I'm really afraid to be (again) in a messy situation =)

What do you think ?
What are you observing on your side ?
How do you manage the data balance when you add a node to your isilon cluster ?

Should I just forget about it and consider this not as important as I think it
is (even if I'm convinced that is not given the previous scenario) ?

Thank you for your input.

Jean-Baptiste

Peter Serocka

unread,

Jan 6, 2015, 6:46:17 AM1/6/15

to isilon-u...@googlegroups.com

Hi Jean-Baptiste:

job progress can be highly uneven over time,
it’s too early to panic right now…

I wonder why there is no valid LIN count?
Can you run the LinCount job manually and then restart AutoBalanceLin?
(to get the LIN progress as a second metric.)

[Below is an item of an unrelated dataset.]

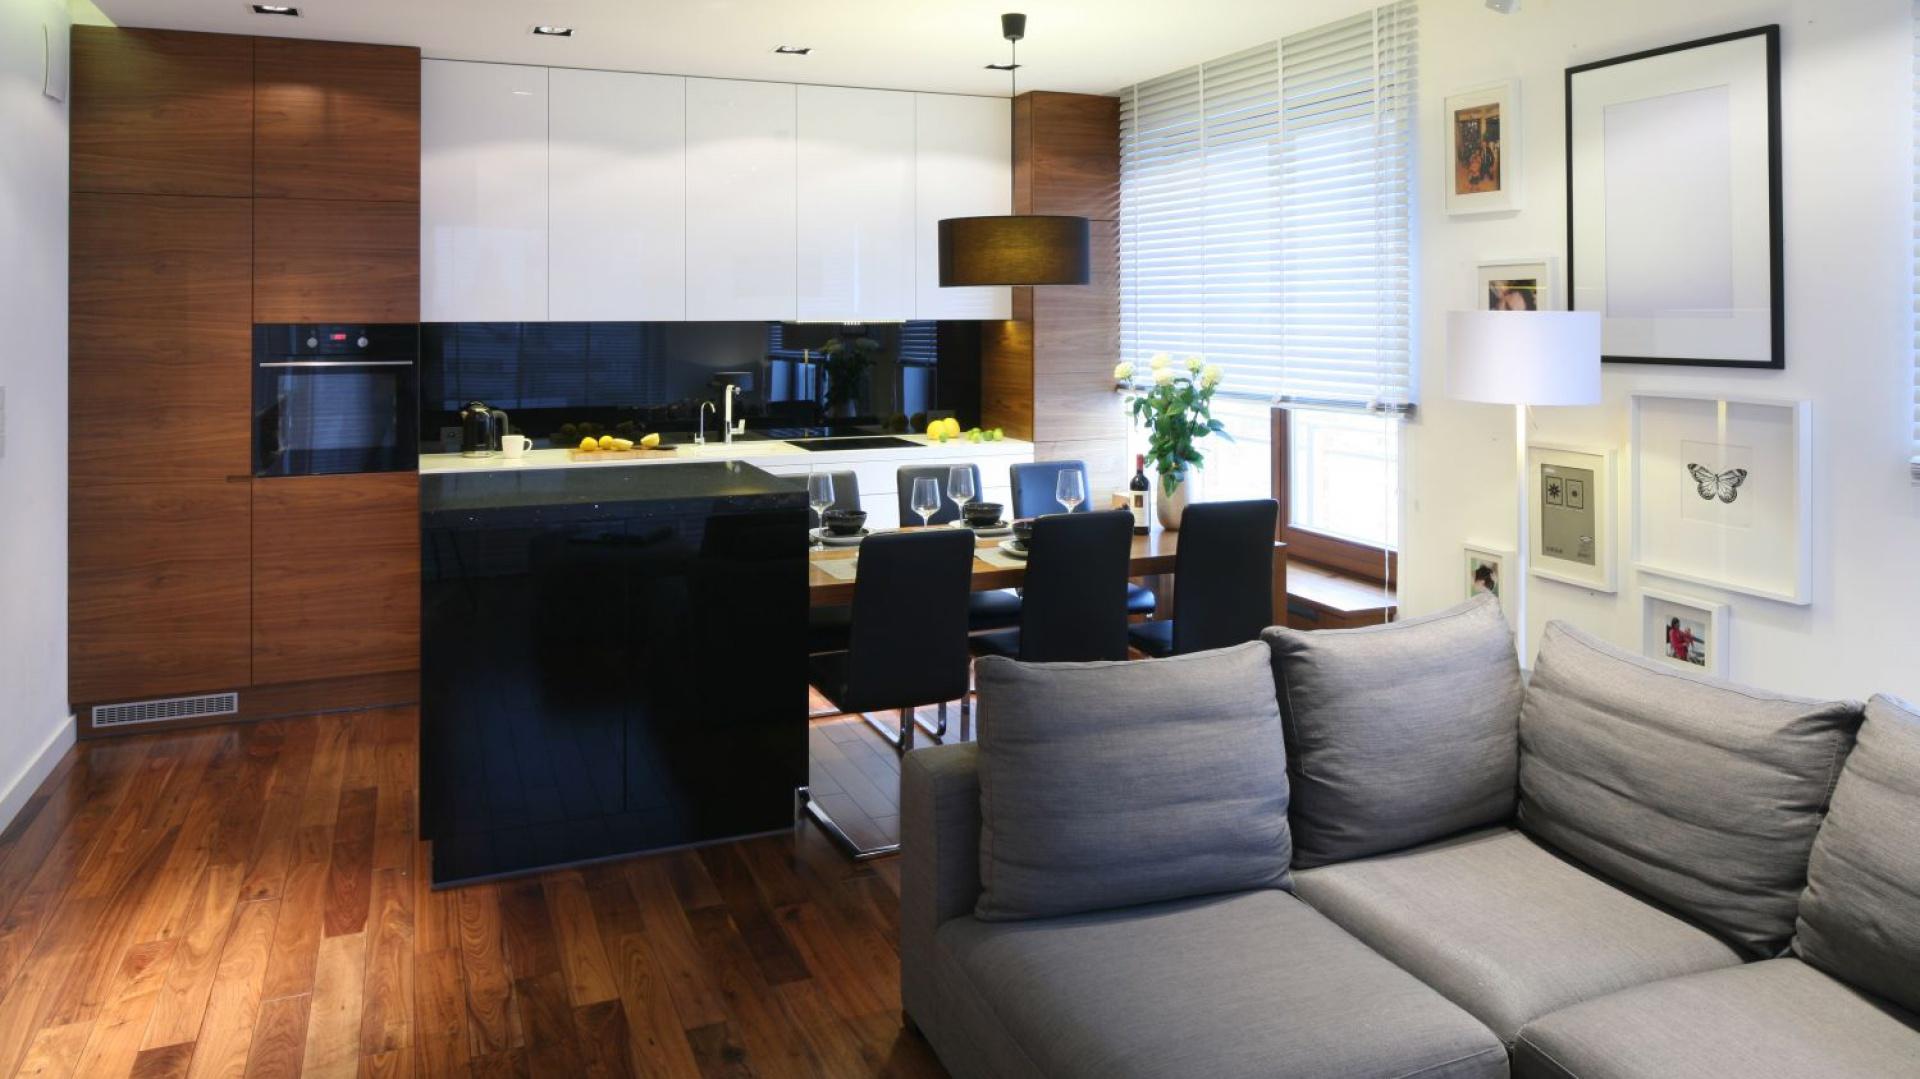 W otwartej kuchni zabudowa kuchenna ulokowana została tylko na jednej ścianie, stanowiąc eleganckie tło dla aranżacji strefy dziennej. Projekt: Agnieszka Ludwinowska. Fot. Bartosz Jarosz.

And as usual, things also depend on CPU load
and disk IO saturation. With a fresh node just
added, you can see the effect of file layout fragmentation
by comparing the IO request sizes (isi statistics drive)
between old nodes and the new one: if the old nodes
read and write with significantly smaller sizes, and already
max out in the 100 IO/s range, there is not much to do
about it…

Cheers

— Peter

> --
> You received this message because you are subscribed to the Google Groups "Isilon Technical User Group" group.
> To unsubscribe from this group and stop receiving emails from it, send an email to isilon-user-gr...@googlegroups.com.
> For more options, visit https://groups.google.com/d/optout.
>

Jean-Baptiste Denis

unread,

Jan 6, 2015, 8:13:41 AM1/6/15

to isilon-u...@googlegroups.com

On 01/06/2015 12:45 PM, Peter Serocka wrote:
> Hi Jean-Baptiste:

Hi Peter,

> job progress can be highly uneven over time,
> it’s too early to panic right now…

OK.

> I wonder why there is no valid LIN count?

Don't know.

> Can you run the LinCount job manually and then restart AutoBalanceLin?
> (to get the LIN progress as a second metric.)

I know from a previous run that we've got 400 millions LIN approx.

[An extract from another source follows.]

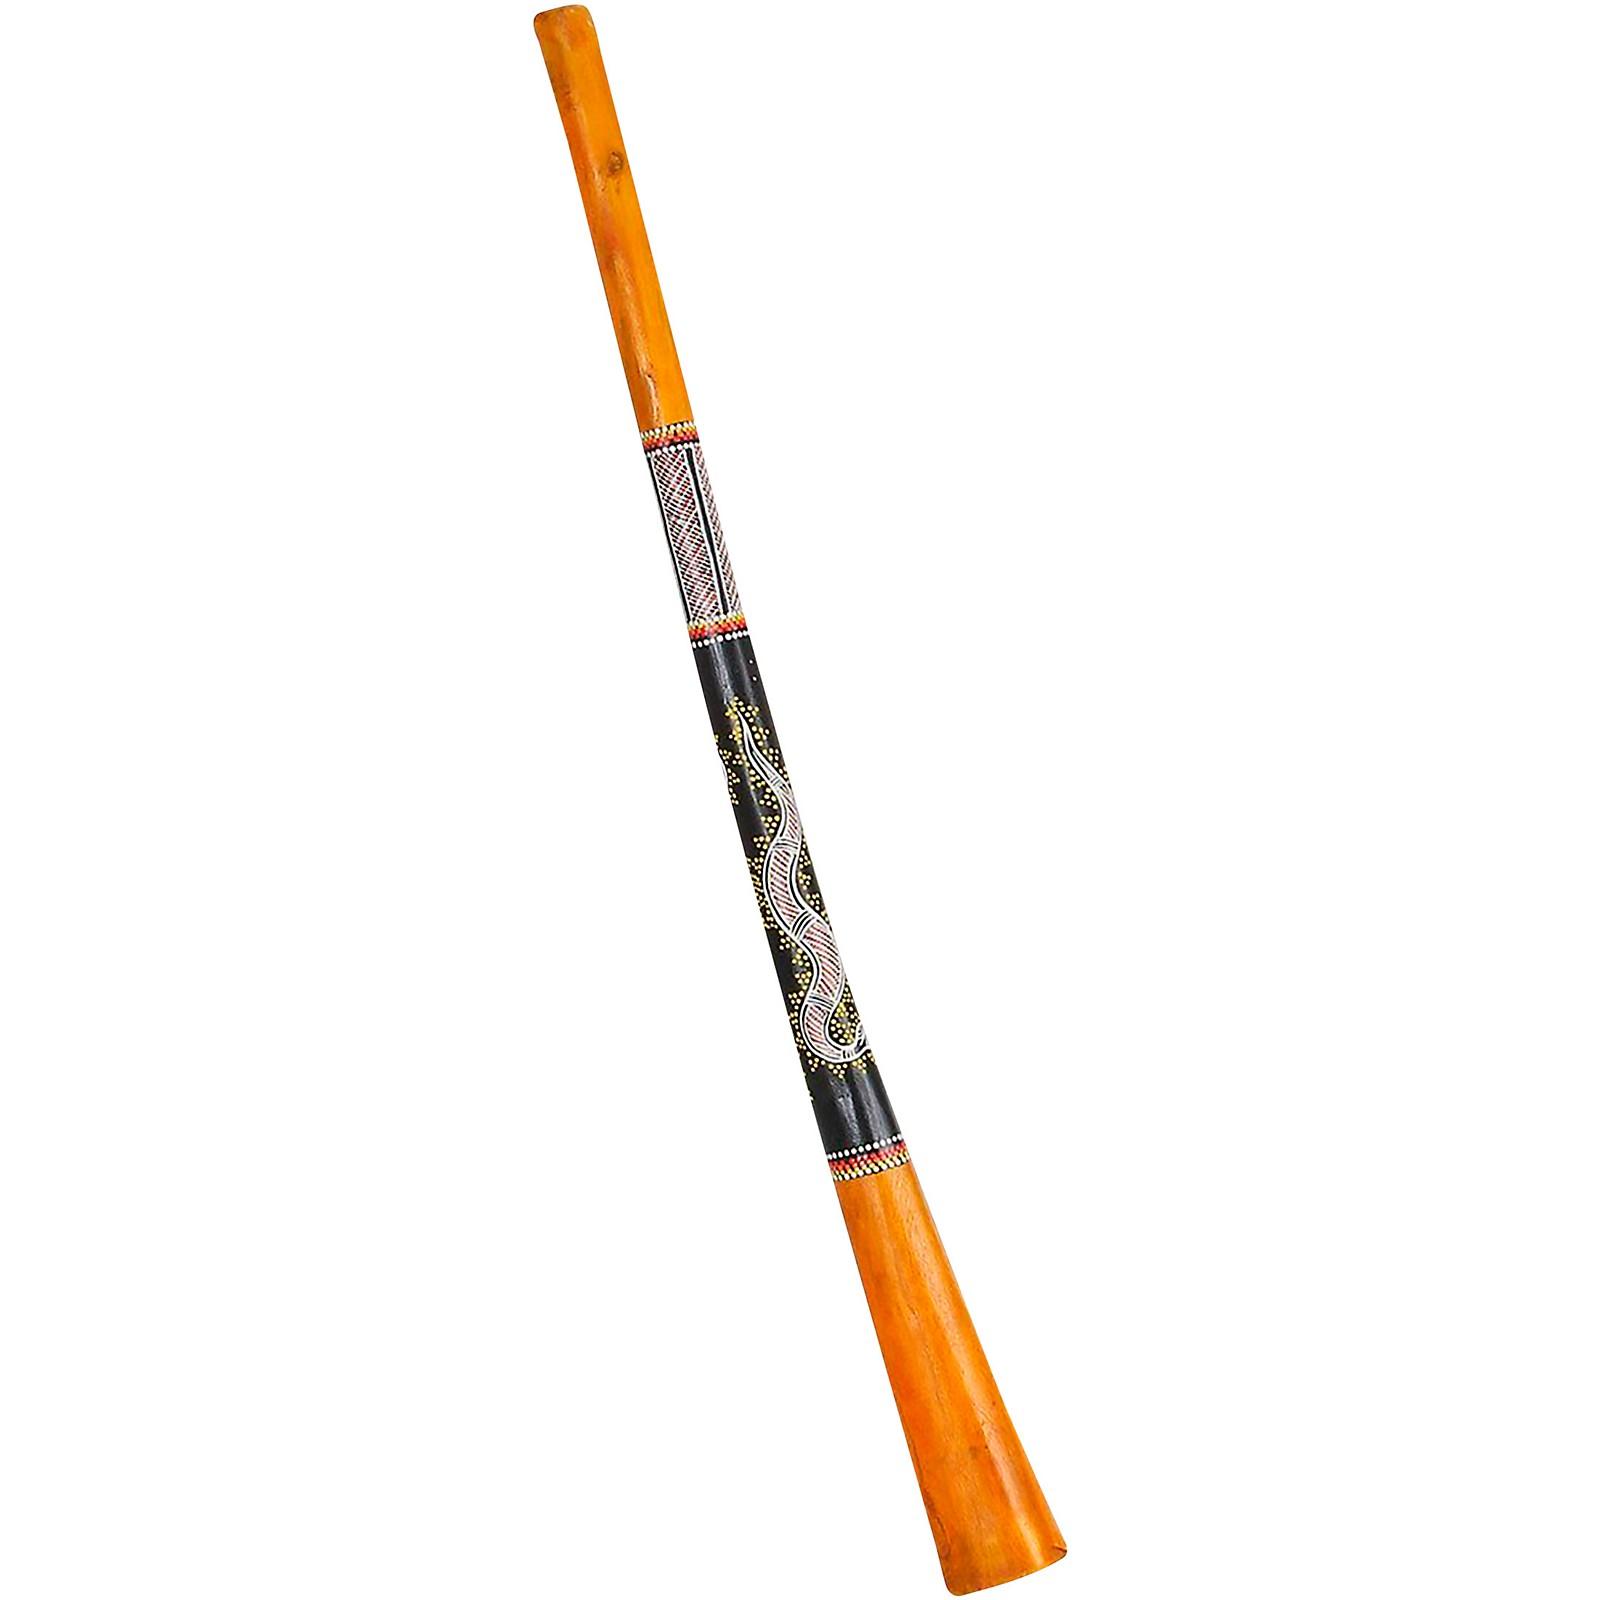 X8 Drums Gecko Painted Teak Wood Didgeridoo

> And as usual, things also depend on CPU load
> and disk IO saturation. With a fresh node just
> added, you can see the effect of file layout fragmentation
> by comparing the IO request sizes (isi statistics drive)
> between old nodes and the new one: if the old nodes
> read and write with significantly smaller sizes, and already
> max out in the 100 IO/s range, there is not much to do
> about it…

Make total sense. Ops/in are between 10 and 60 per second across all nodes, but
old node are under heavy usage regarding Ops/out (up to 900 on some sata nodes,
which seems to high to be true, but it gives a feeling about the actual load).

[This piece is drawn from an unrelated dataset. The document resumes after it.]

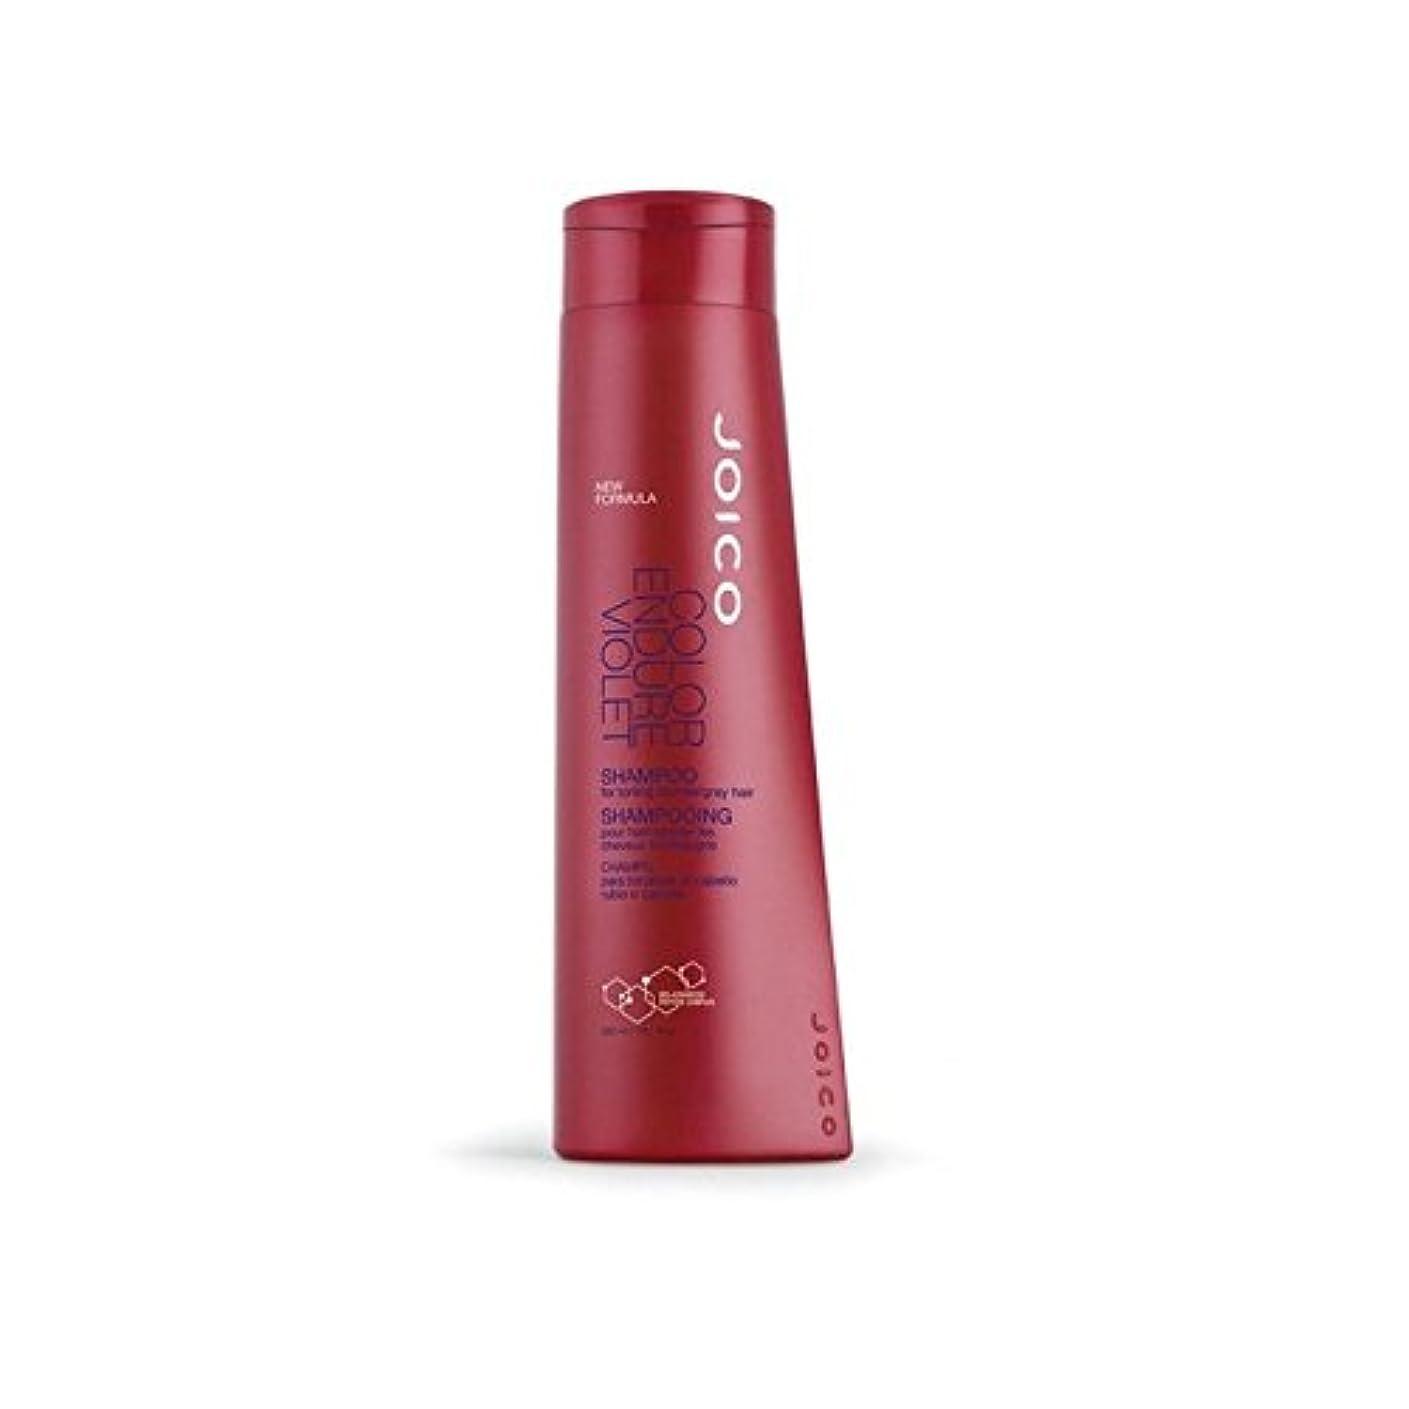 ストリーム先生知恵Joico Color Endure Violet Shampoo (300ml) - 紫色のシャンプーに耐えジョイコ色(300ミリリットル) [並行輸入品]

OK. So our cluster is quite loaded =)

Thank you very much for your answer !

Jean-Baptiste

Dan Pritts

unread,

Jan 7, 2015, 9:30:01 AM1/7/15

to isilon-u...@googlegroups.com

Jean-Baptiste Denis wrote:
> Make total sense. Ops/in are between 10 and 60 per second across all nodes, but
> old node are under heavy usage regarding Ops/out (up to 900 on some sata nodes,
> which seems to high to be true, but it gives a feeling about the actual load).

A 7200 RPM drive can typically do something like 75 IOPS (wikipedia
says "75-100"). At that rate, 900 IOPS would be maxing out 12 disks.

Sounds like you are under heavy load, or these old nodes have a lot of
fragmentation.

thanks
danno
--
Dan Pritts
ICPSR Computing & Network Services
University of Michigan

Adam Fox

unread,

Jan 7, 2015, 9:36:57 AM1/7/15

to isilon-u...@googlegroups.com

Keep in mind, that Ops/in and Ops/out are protocol ops, not disk IOPS. Of course, in many cases that could be worse with respect to actual disk IO bit there is no real correlation, especially when you account for cache.

-- Adam Fox
adam...@yahoo.com

Peter Serocka

unread,

Jan 8, 2015, 2:14:36 AM1/8/15

to 'Adam Fox' via Isilon Technical User Group

On 2015 Jan 7. md, at 22:36 st, 'Adam Fox' via Isilon Technical User Group wrote:

> Keep in mind, that Ops/in and Ops/out are protocol ops, not disk IOPS. Of course, in many cases that could be worse with respect to actual disk IO bit there is no real correlation, especially when you account for cache.
>
> -- Adam Fox
> adam...@yahoo.com

Not necessarily...

With OneFS we have:

isi statistics client (& protocol) --> NAS (NFS,SMB,...) protocol ops

isi statistics heat --> OneFS filesystem ops

isi statistics drive --> "IOPS" per drive as observed through SCSI/SATA protocols.
What actually happens between platter and head, stays in the drive...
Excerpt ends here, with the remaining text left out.